A few years ago, Keri Anne Smialek, commercial sponsorship coordinator at Fort Leonard Wood, Missouri, did not attend her orientation day as part of the garrison’s onboarding program because the presenter fell ill. Sometime later, a member of the leadership team insisted that she attend the next orientation day. Her perception of her importance to the organization changed completely.

“The orientation day created enthusiasm about the mission of my organization and showed development opportunities I was unaware of,” Smialek said. “I was improved both personally and professionally. Had it not been for the onboarding program and the tools it afforded me, I might have abandoned my employment altogether.”

Best practices

Since the operating environment varies from one IMCOM organization to another, the approach to establish a new or improve an existing onboarding program must take local circumstances into consideration. IMCOM garrisons, in many cases, are taking the initiative with unique and innovative ways to reach the hearts and minds of their new team members.

Megan O’Donoghue, chief service and support directorate at Fort Leonard Wood, said that new team members at her garrison leave a mark on the wall. “They literally leave their handprint (dipped in paint) on the wall,” she said. “The handprints signify unity, ‘One Team.’ We make a difference in Soldiers’ lives. We are here for each other, to lend a helping hand, anywhere, anytime.”

Installation tours are often considered a highlight in many onboarding programs. “On each tour, there is always someone saying, ‘Wow! I had no idea!’ It is as if a light switches on for them,” said Mike Alley, management analyst at Fort Leonard Wood. “Tours help new team members begin to understand our mission and learn to treat all customers with respect as a result.”

“We developed an onboarding program for both appropriated fund and non-appropriated fund employees,” O’Connor said. “We are ‘One Team.’ Our onboarding program provides them direction, guidance and purpose.”

Christine Donovan, workforce development specialist at Fort Wainwright, Alaska, stresses the importance of communication in a successful onboarding program. “Always ask for leaders’ and frontline supervisors’ feedback to improve the program. They will be the ones implementing and enforcing the system.”

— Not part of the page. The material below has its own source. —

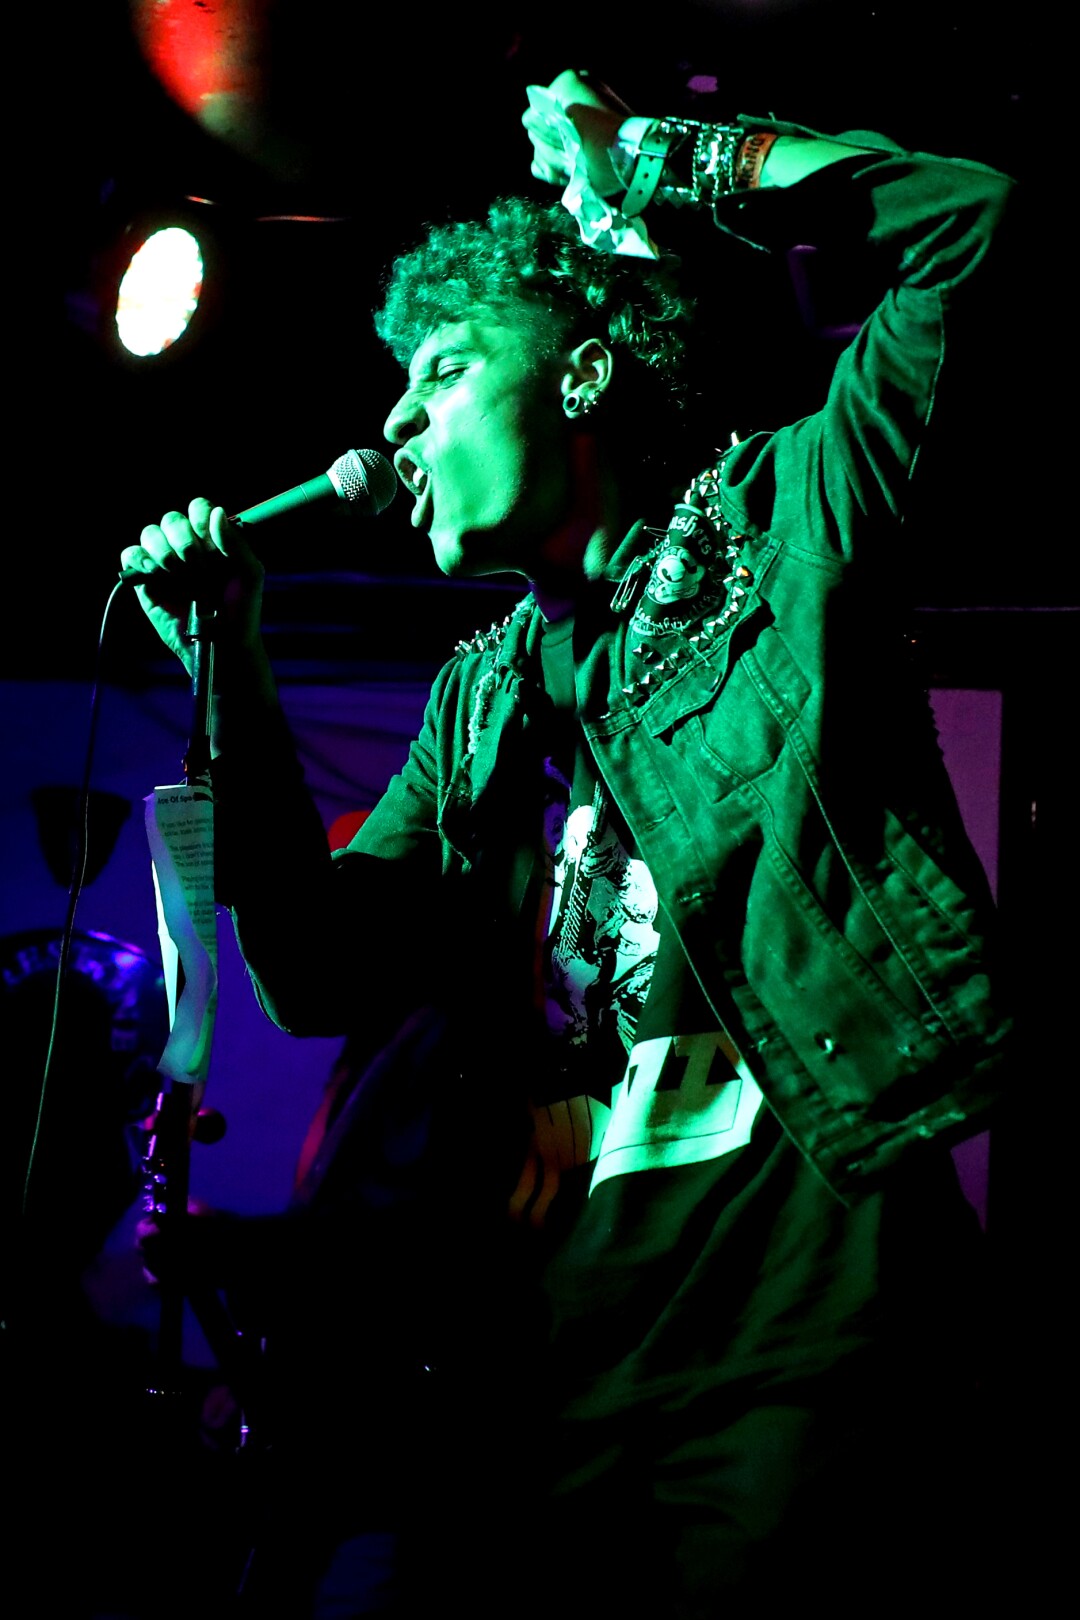 A man sings into a green light on a stage

Additionally, periodic assessment of programs is vital to keep up in a changing environment. “We follow the innovate-survey-adjust cycle to adapt dynamically,” said Travis Mobley, chief of the plans, analysis and integration office at Fort Stewart and Hunter Army Airfield. “This is because the operating environment is constantly changing and so is our workforce.”

Lt. Gen. Kenneth R. Dahl, IMCOM commanding general, highlights the importance of IMCOM’s robust onboarding program guidelines for new team members and the Army.

“Onboarding is vital to our success in taking care of our people, and creating and maintaining a professional and positive work environment,” Dahl said. “They need to feel appreciated by their leaders, co-workers and IMCOM as a whole. They need to understand why their work and their service are important to the Army and where they fit into the organization. Serving with IMCOM should be deeply satisfying – our IMCOM professionals should be proud of that service. Ultimately, this is about taking care of our workforce.”